Task to carry out: From the first line below to the last, reproduce the material exactly and leave out the images.
----- Given information
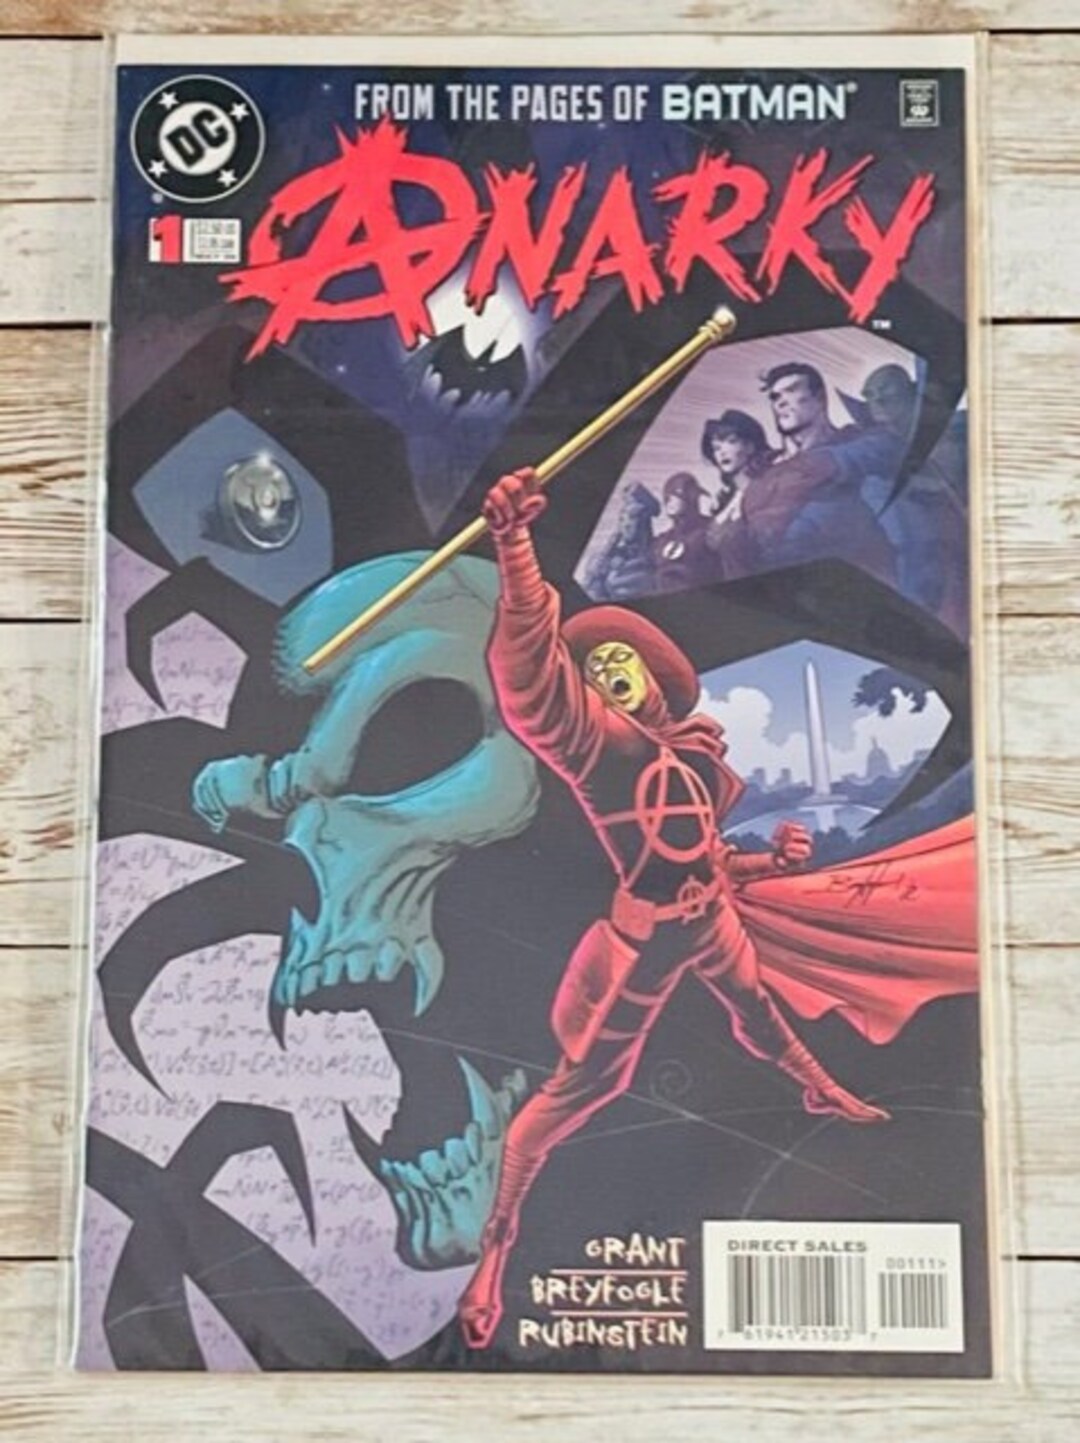 1999 DC Comics From the Pages of Batman Anarky 1 - Etsy
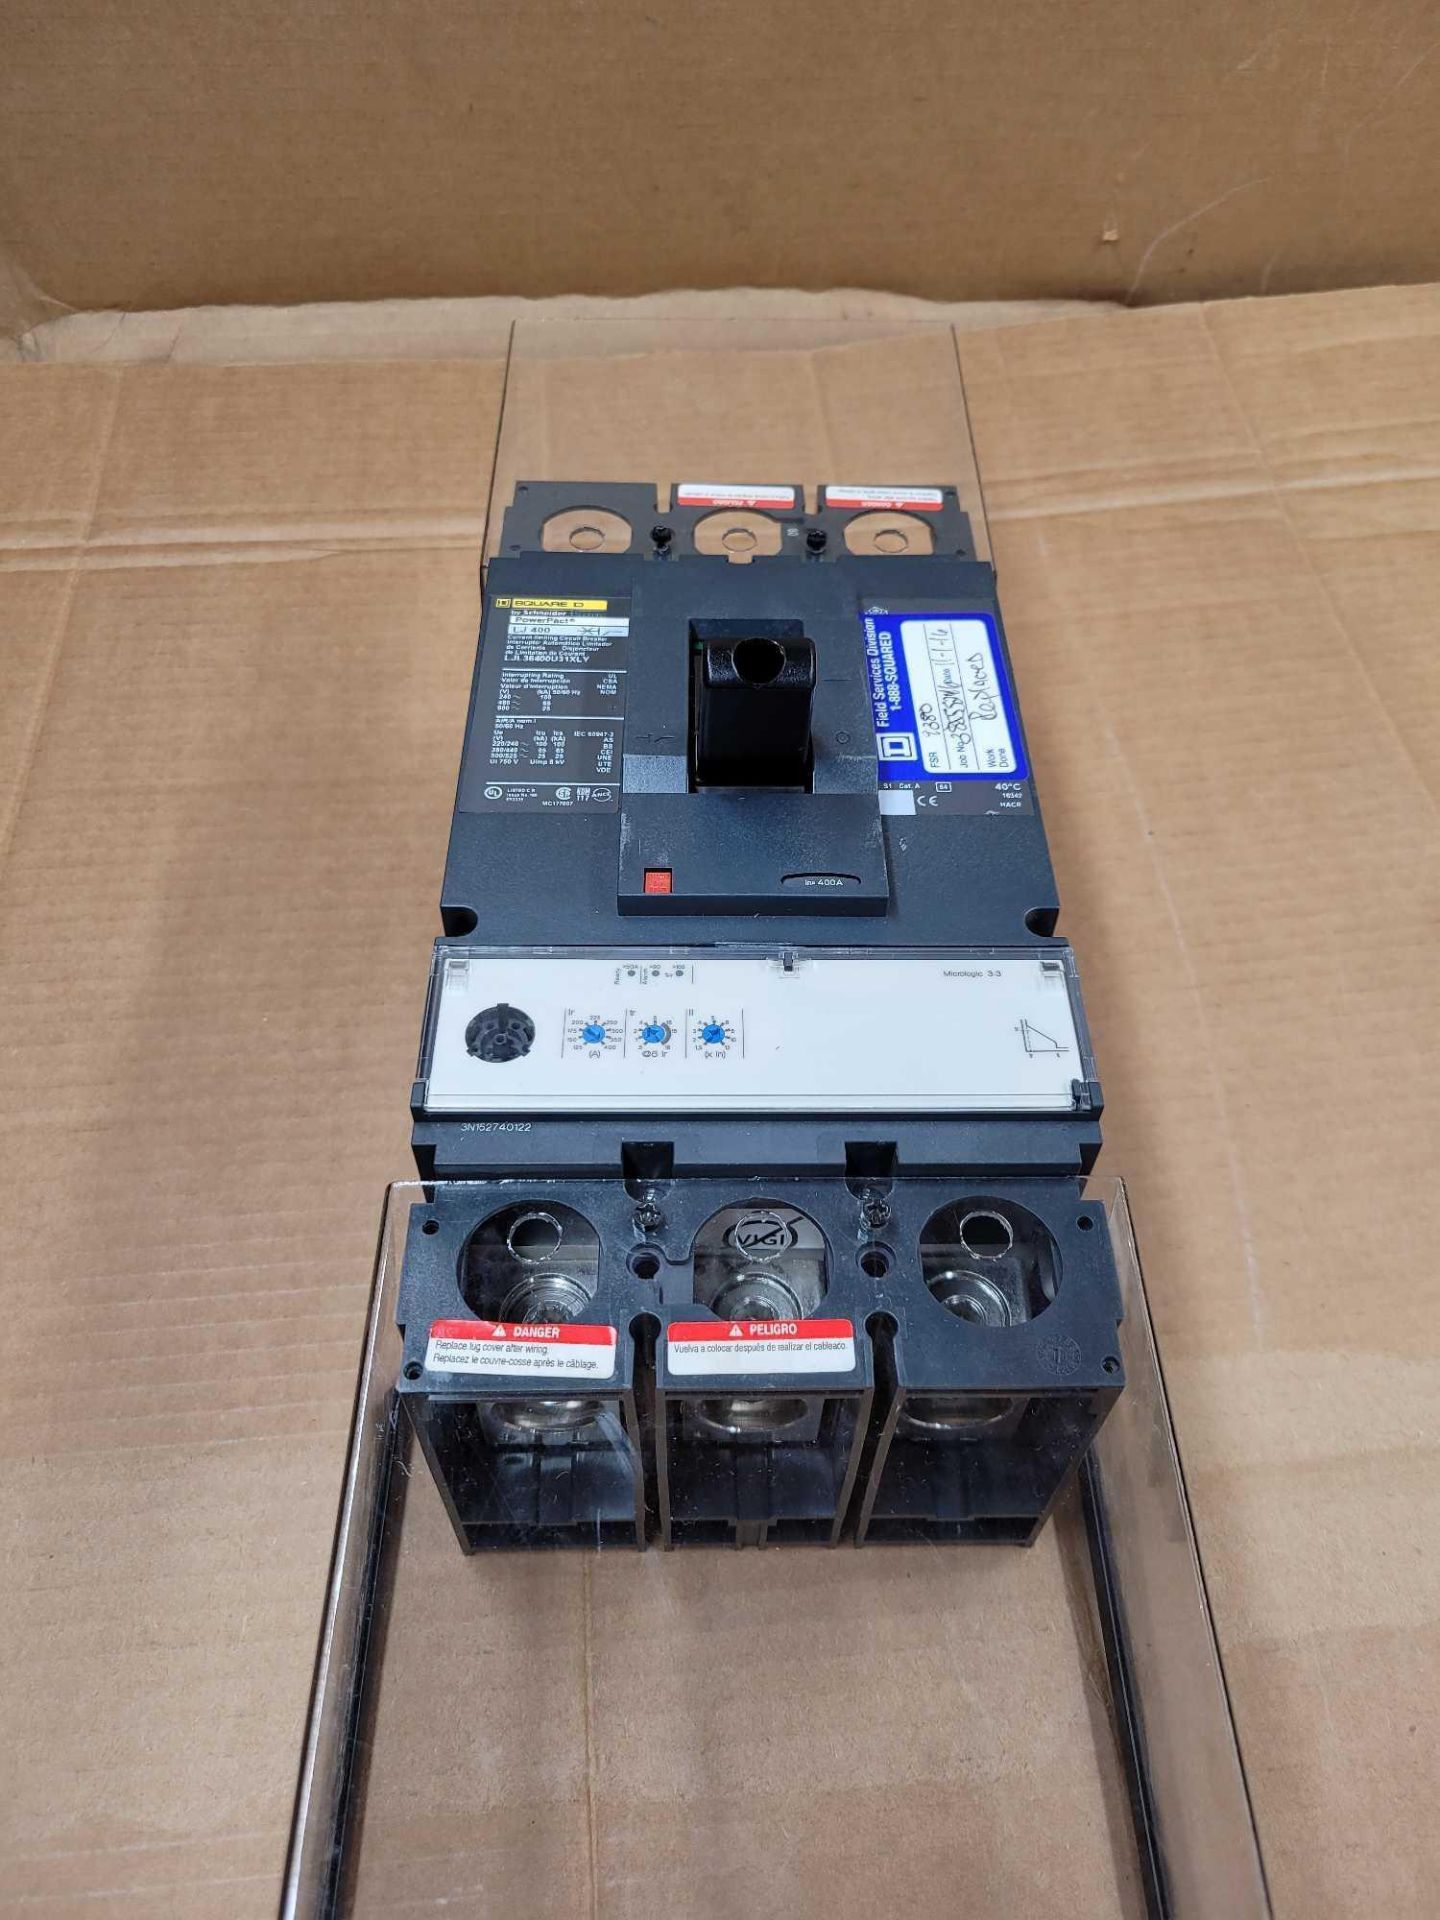 SQUARE D LJL36400U31XLY / 400 Amp Molded Case Circuit Breaker  /  Lot Weight: 13.0 lbs
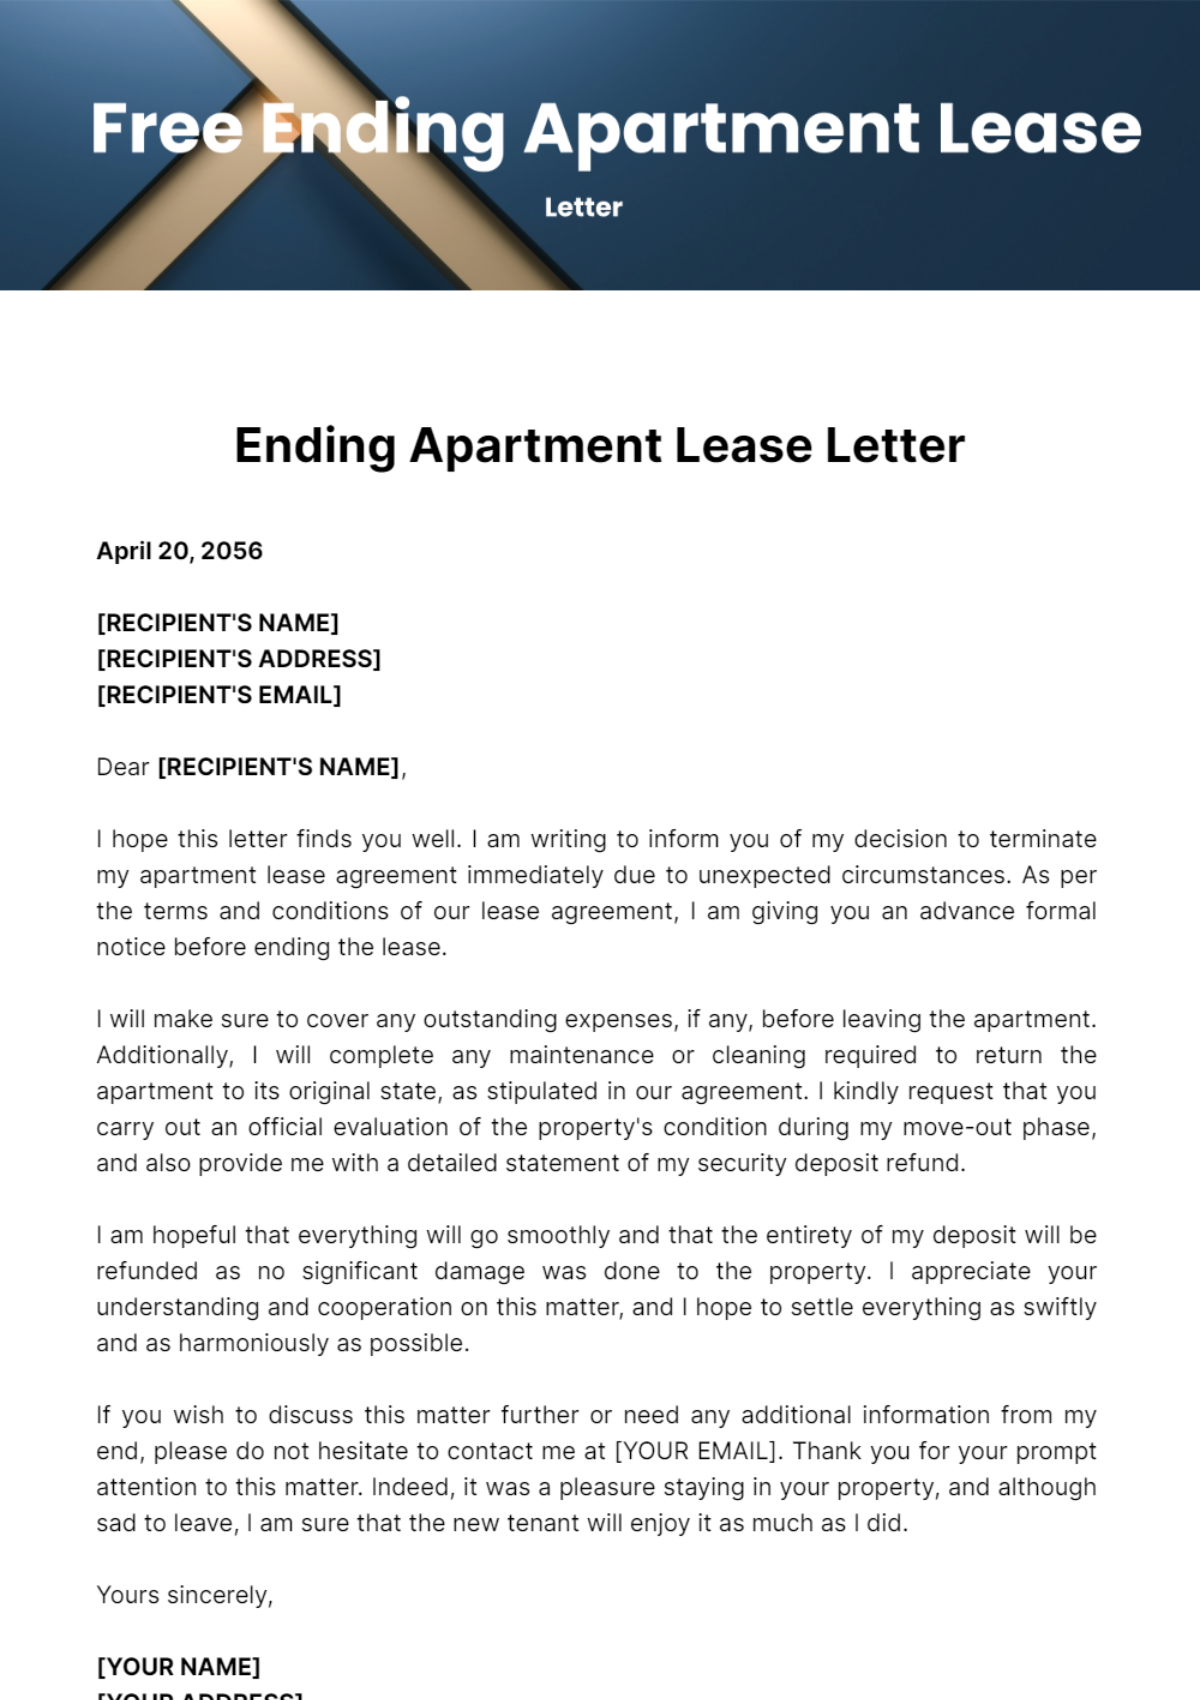 Free Ending Apartment Lease Letter Template
----------
Task solution:
 1999 DC Comics From the Pages of Batman Anarky 1 - Etsy
 SQUARE D LJL36400U31XLY / 400 Amp Molded Case Circuit Breaker  /  Lot Weight: 13.0 lbs
 Free Ending Apartment Lease Letter Template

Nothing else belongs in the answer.